Without its pictures, the listing below is to be transcribed exactly.

SUPPLIED MATERIAL:
┄┄┄┄┄┄┄┄┄┄┄┄┄┄┄┄┄┄┄┄

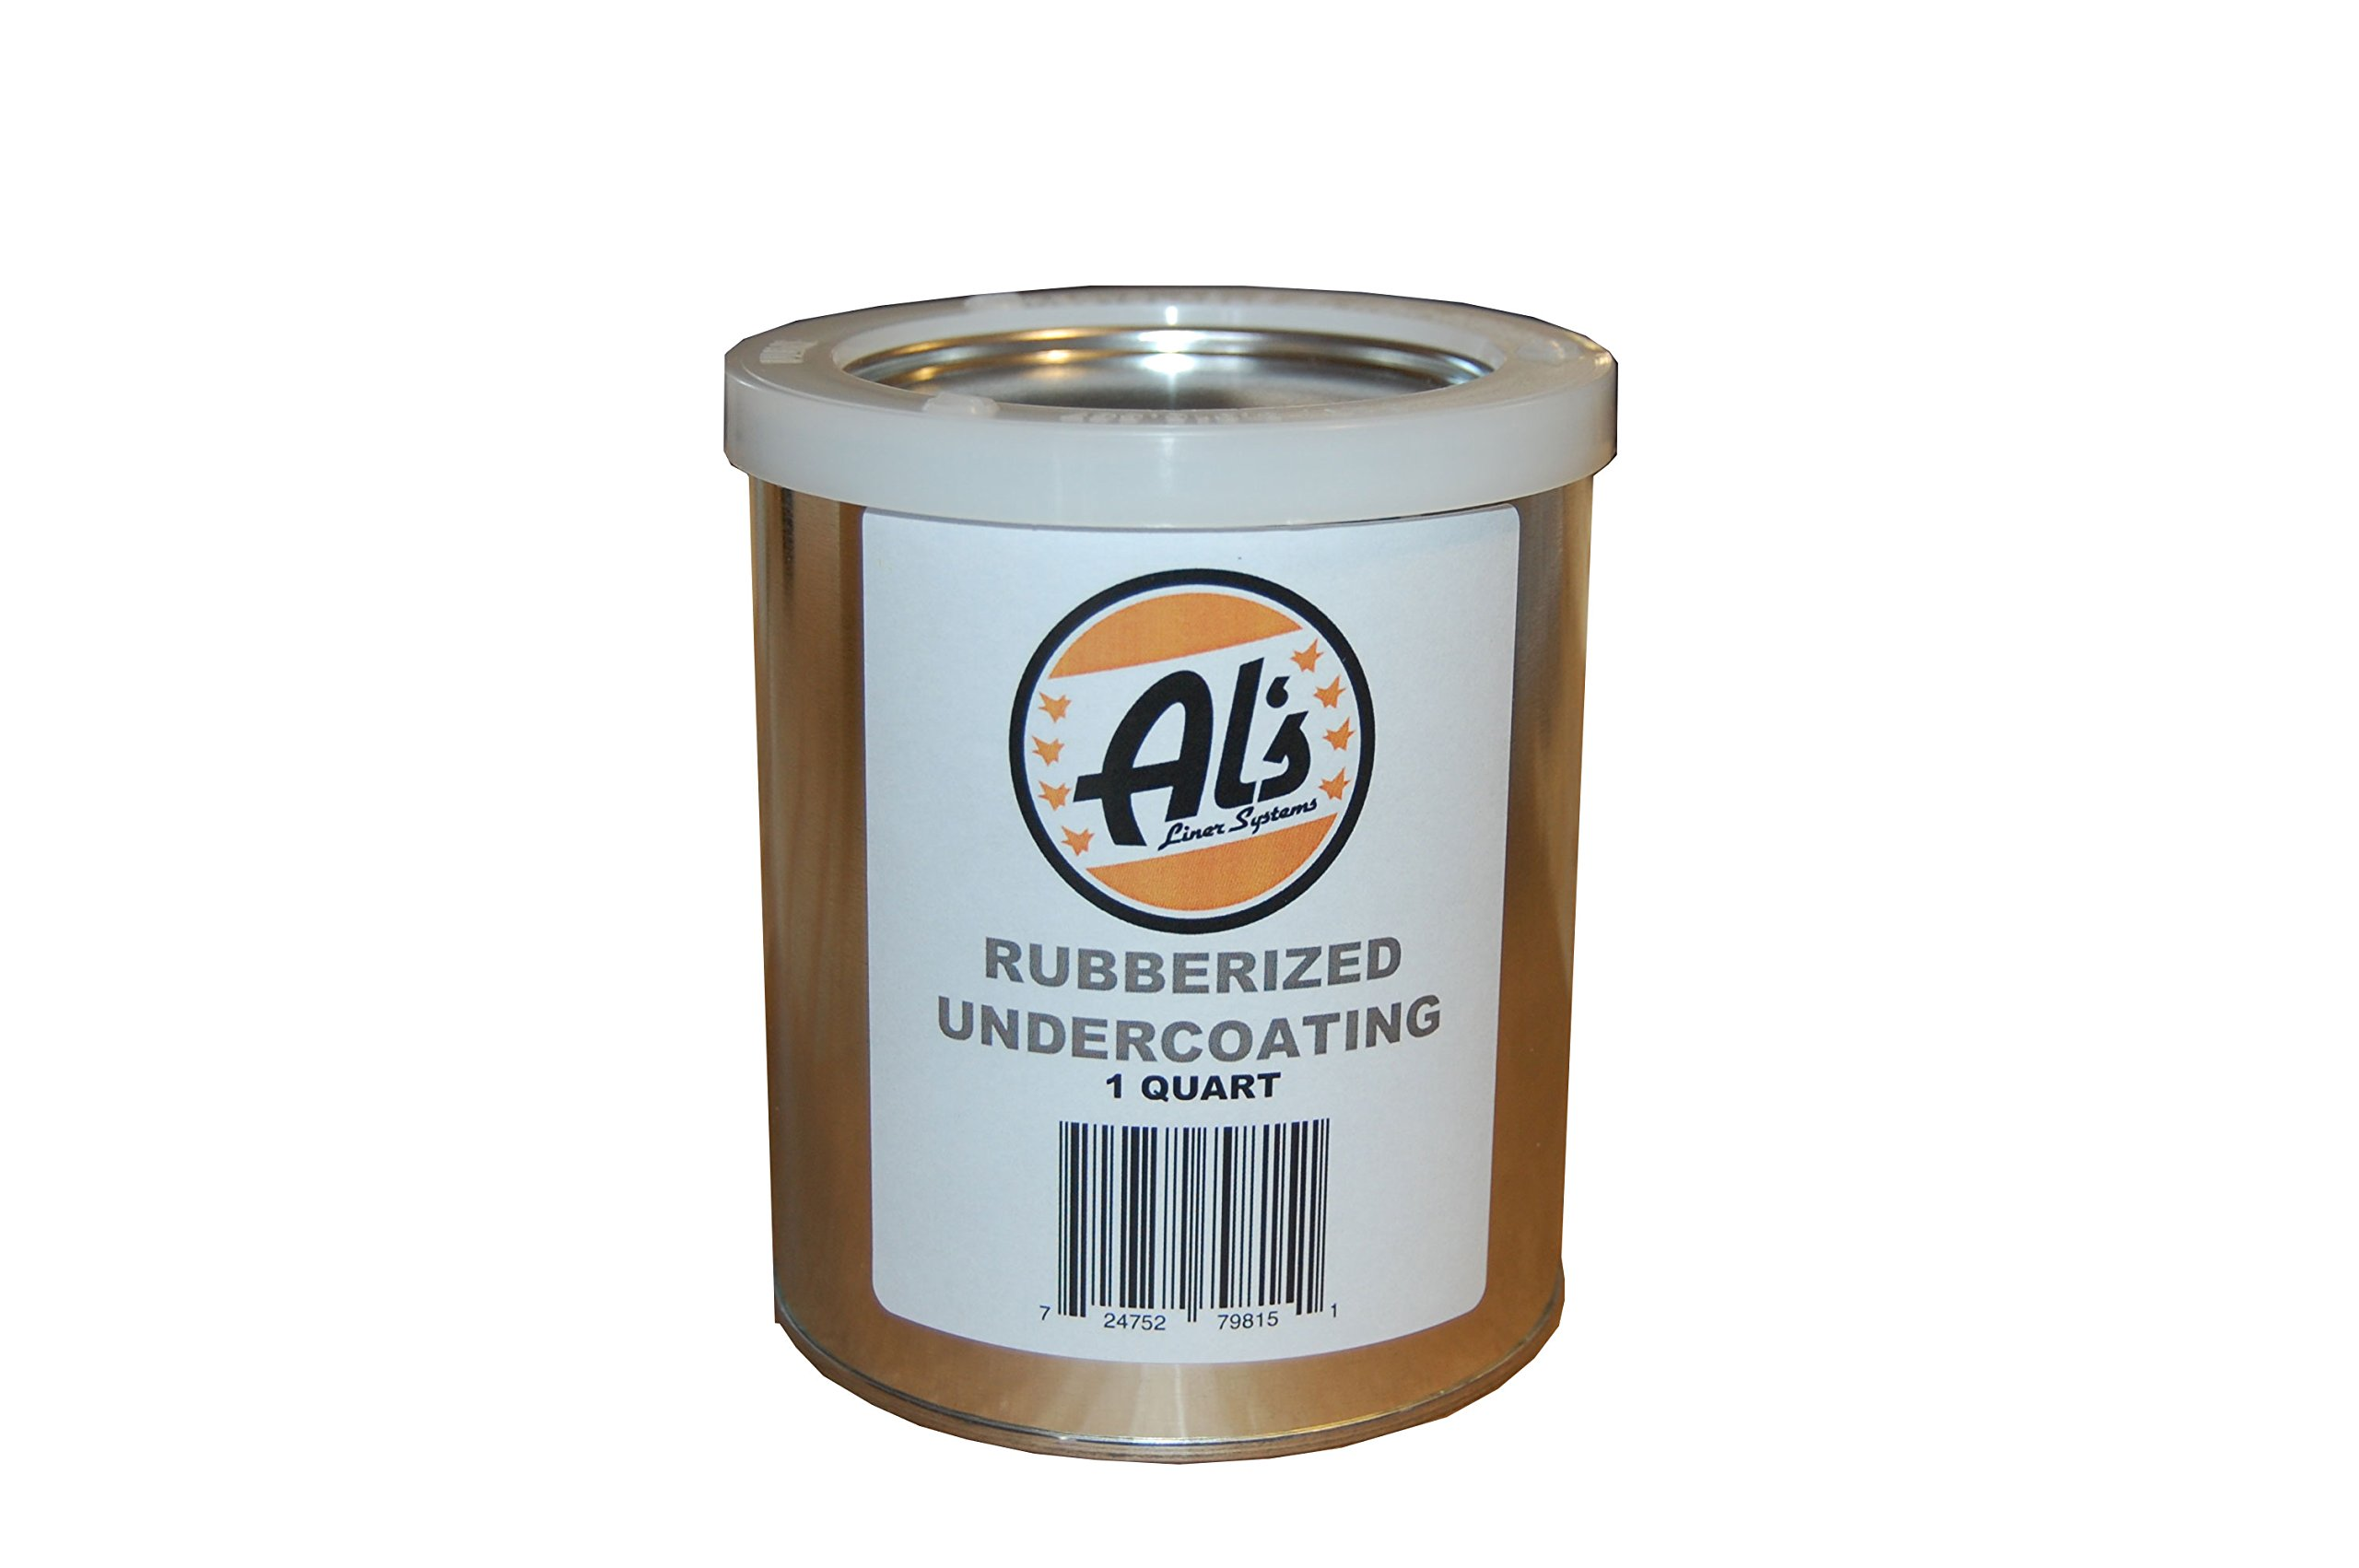 Al's Liner ALS-UCR Premium DIY Rubberized Undercoating, Quart, Black, 32. Fluid_Ounces
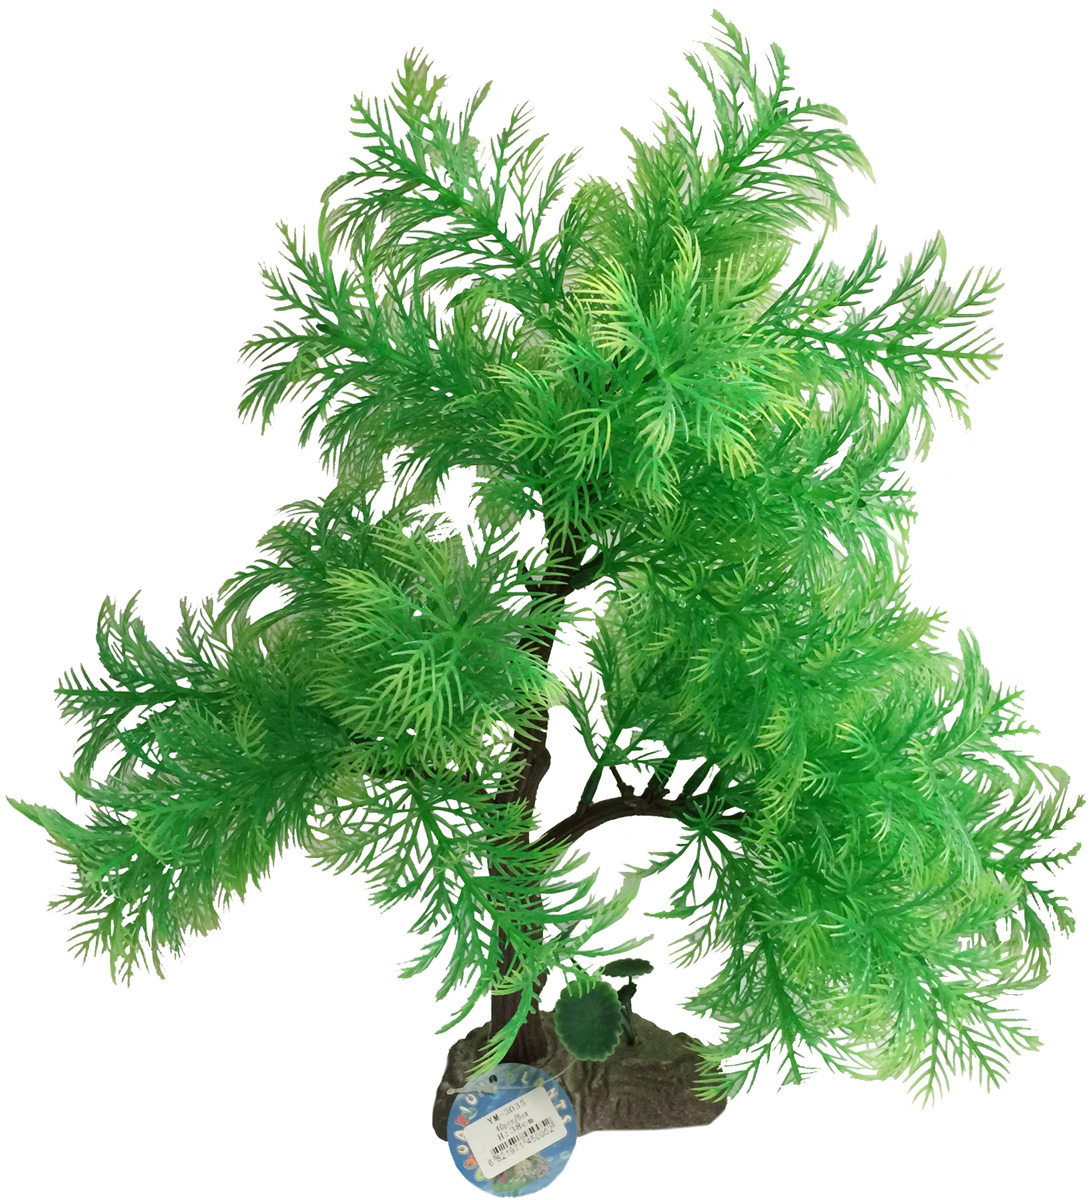 Грот Meijing Aquarium Дерево бонсай, 35-38 см. YM-3035YM-3035
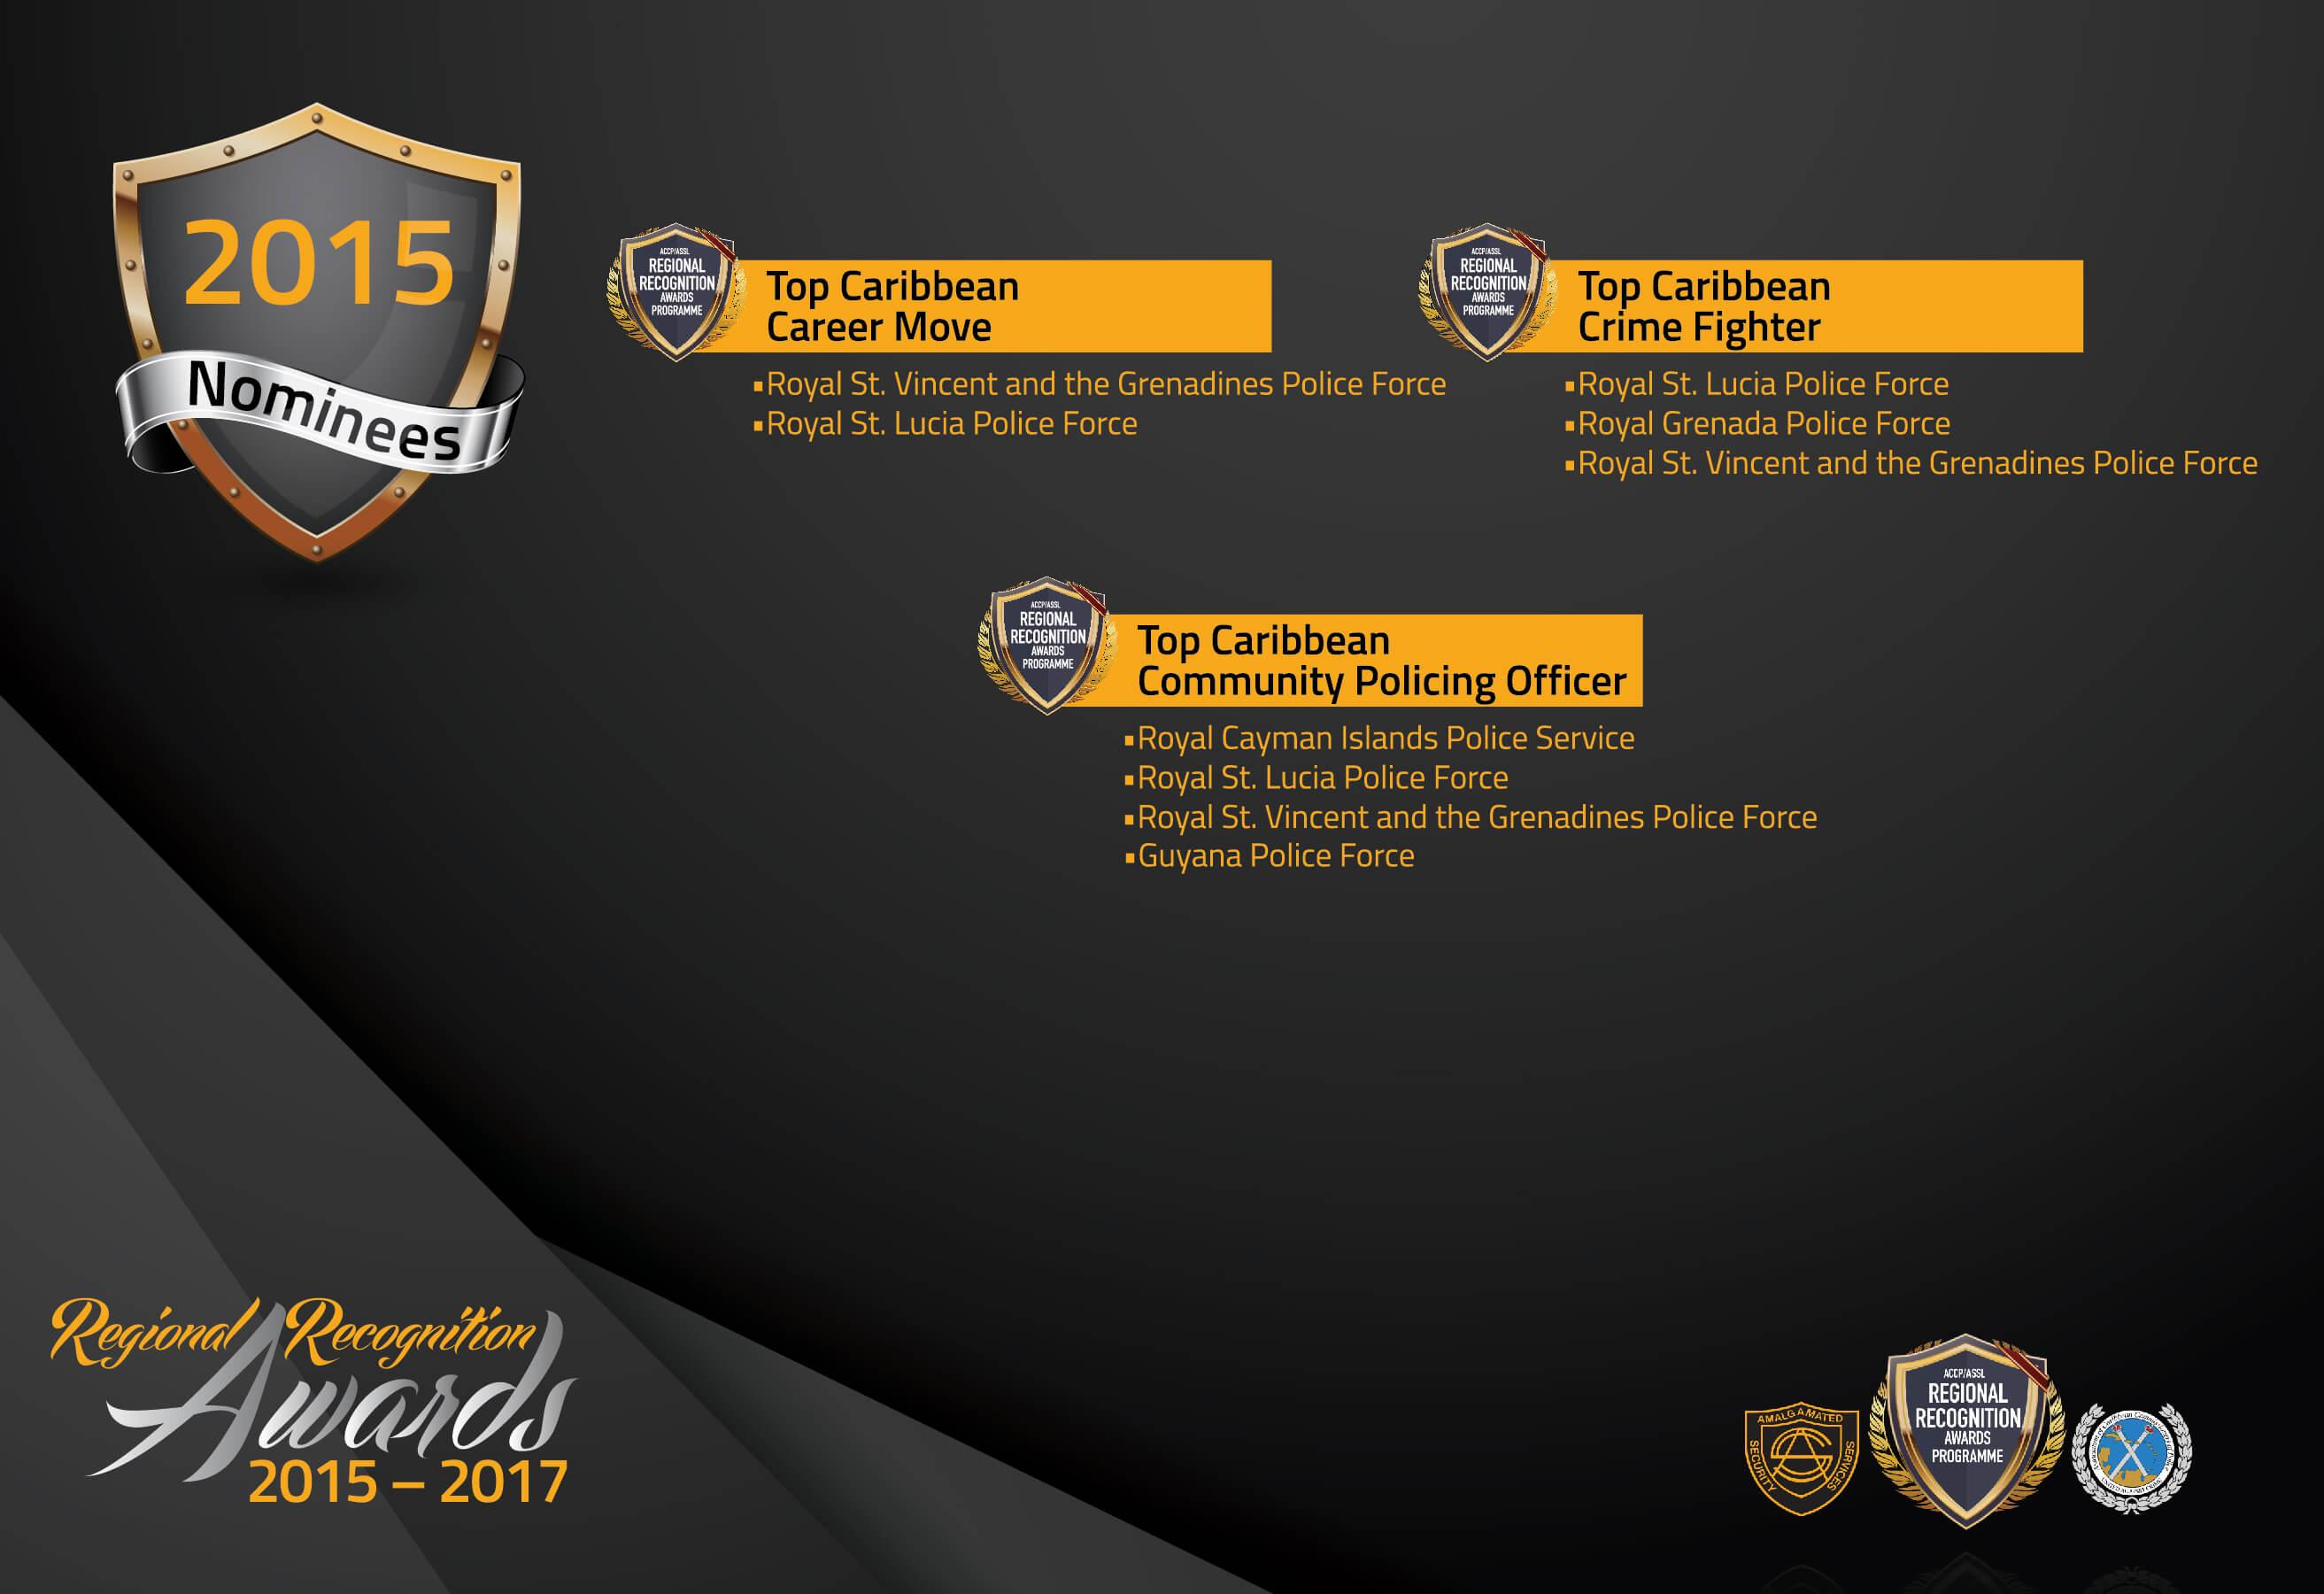 2015 Nominees

┄┄┄┄┄┄┄┄┄┄┄┄┄┄┄┄┄┄┄┄

ANSWER TO THIS PROBLEM:
 Al's Liner ALS-UCR Premium DIY Rubberized Undercoating, Quart, Black, 32. Fluid_Ounces
 Грот Meijing Aquarium Дерево бонсай, 35-38 см. YM-3035YM-3035
 2015 Nominees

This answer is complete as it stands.